Nader’s 1965 book, "Unsafe at Any Speed: The Designed-in Dangers of the American Automobile," revealed the style over safety strategy of American car manufacturers. The tome primarily focused on the rear-suspension design of the Chevrolet Corvair, which he claimed resulted in an alarming propensity to roll over.

Nader’s book eventually or intentionally, caused General Motors to terminate the manufacture of the model, and in the ensuing 40 years, Nader has crusaded against everything from food additives to negative energy emanating from utility lines.

In the 2000 presidential election, Nader won roughly 3 percent of the national vote — which although minute in real numbers — fueled the ire of many Democrats who blamed Al Gore’s razor-thin loss to George W. Bush on Nader siphoning off much-needed votes.

Now, three years after his failed run to become the nation’s chief executive, Nader has accounting on his mind – or, more aptly, accounting for the public interest in his sights.

The Association for Integrity in Accounting – launched with the assistance of Nader’s Citizen Works advocacy organization and teaming with a consortium of college accounting professors – will serve as a "public interest voice to restore integrity to the accounting profession."

Nader’s AIA Group is pushing to make the Financial Accounting Standards Board go the way of the Corvair so it can direct accounting standards for the profession.

In a Washington press conference last week, Nader described the fledgling entity as a "watchdog" that will keep an eye on the accounting industry’s other watchdogs.

It also, according to AIA members, would work toward restoring professional independence, assuring corporate accountability and disclosure, and redeeming accounting education.

Hmm.

Although no one doubts that it was time to end the farce known as self-regulation, I more or less was under the impression that reform (which would encompass the first three points of the group’s mission statement) was the reason behind the creation of the Public Company Accounting Oversight Board.

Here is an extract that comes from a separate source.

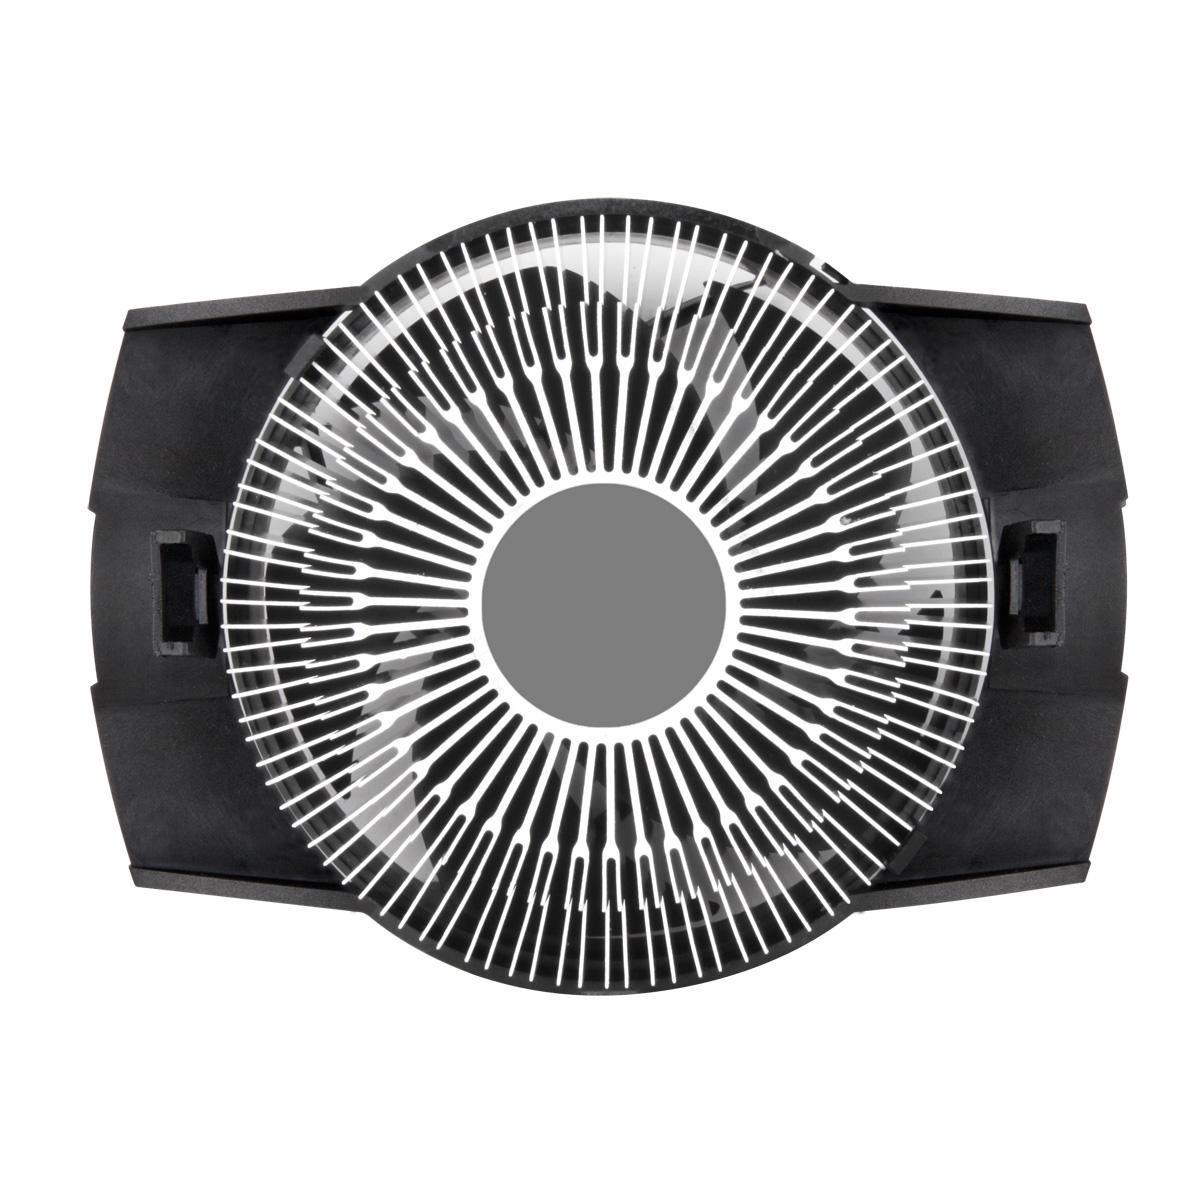 Kompakter AMD CPU-Kühler für Dauerbetrieb ARCTIC Alpine AM4 CO Rückansicht
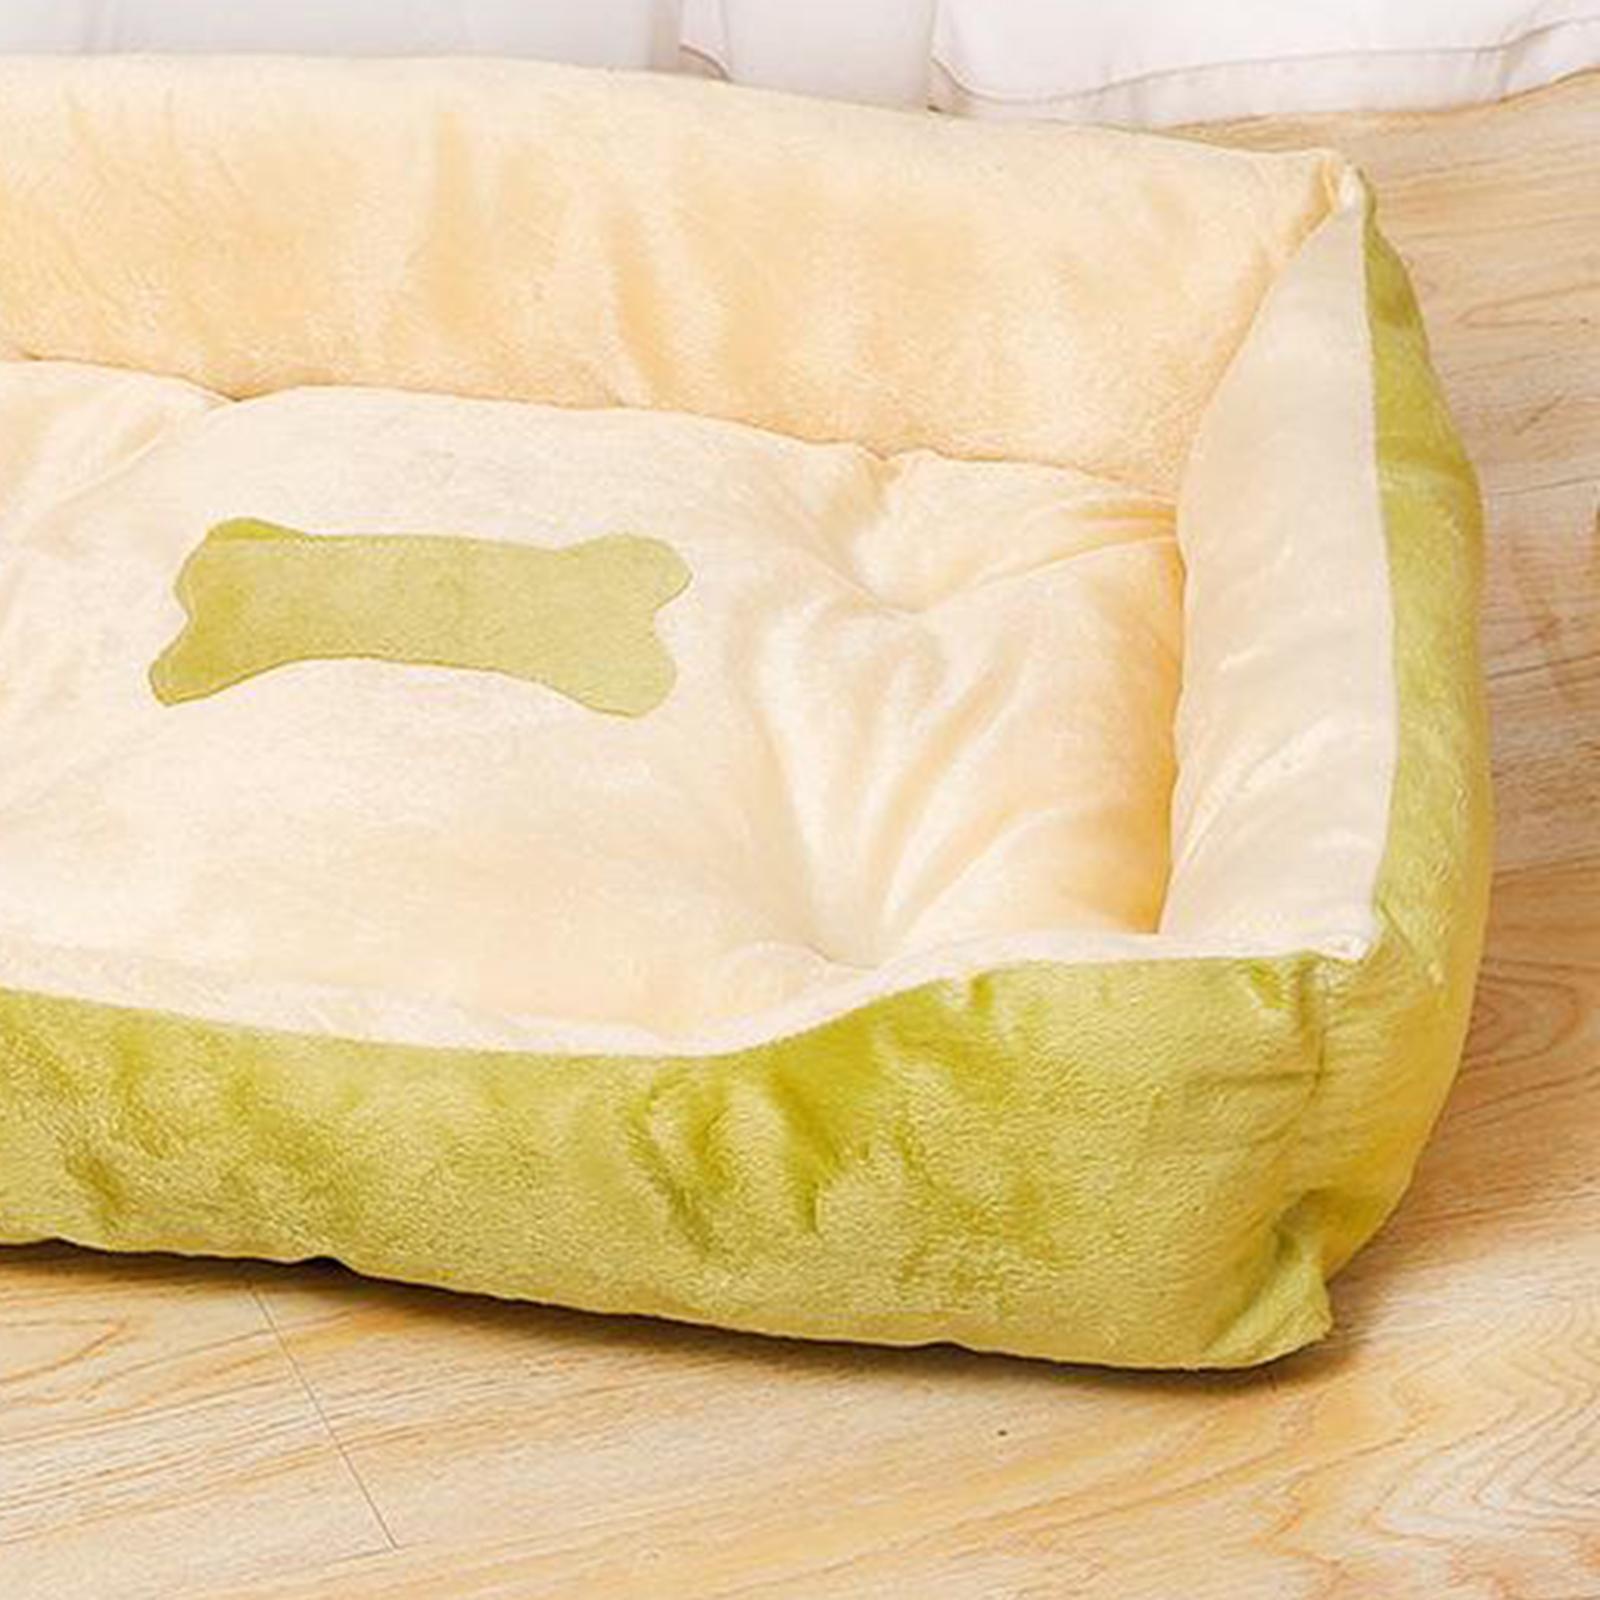 Indexbild 6 - Katze-Hund-Bett-Pet-Kissen-Betten-Haus-Schlaf-Soft-Warmen-Zwinger-Decke-Nest

As far as "redeeming accounting education," I’ll probably need an AIA interpreter to discern exactly what that means.

To have Nader and his contingent of accounting academe breathing down the necks of a group that has had its own share of problems getting off the ground or placing FASB in its crosshairs, will not instill confidence in anyone and would do little toward the restoration of the profession.

If Mr. Nader wants to protest nitrates in food, I’ll lock arms with him and march.

But a Nader-led group overseeing the overseers of the profession? A terrible idea — at any speed.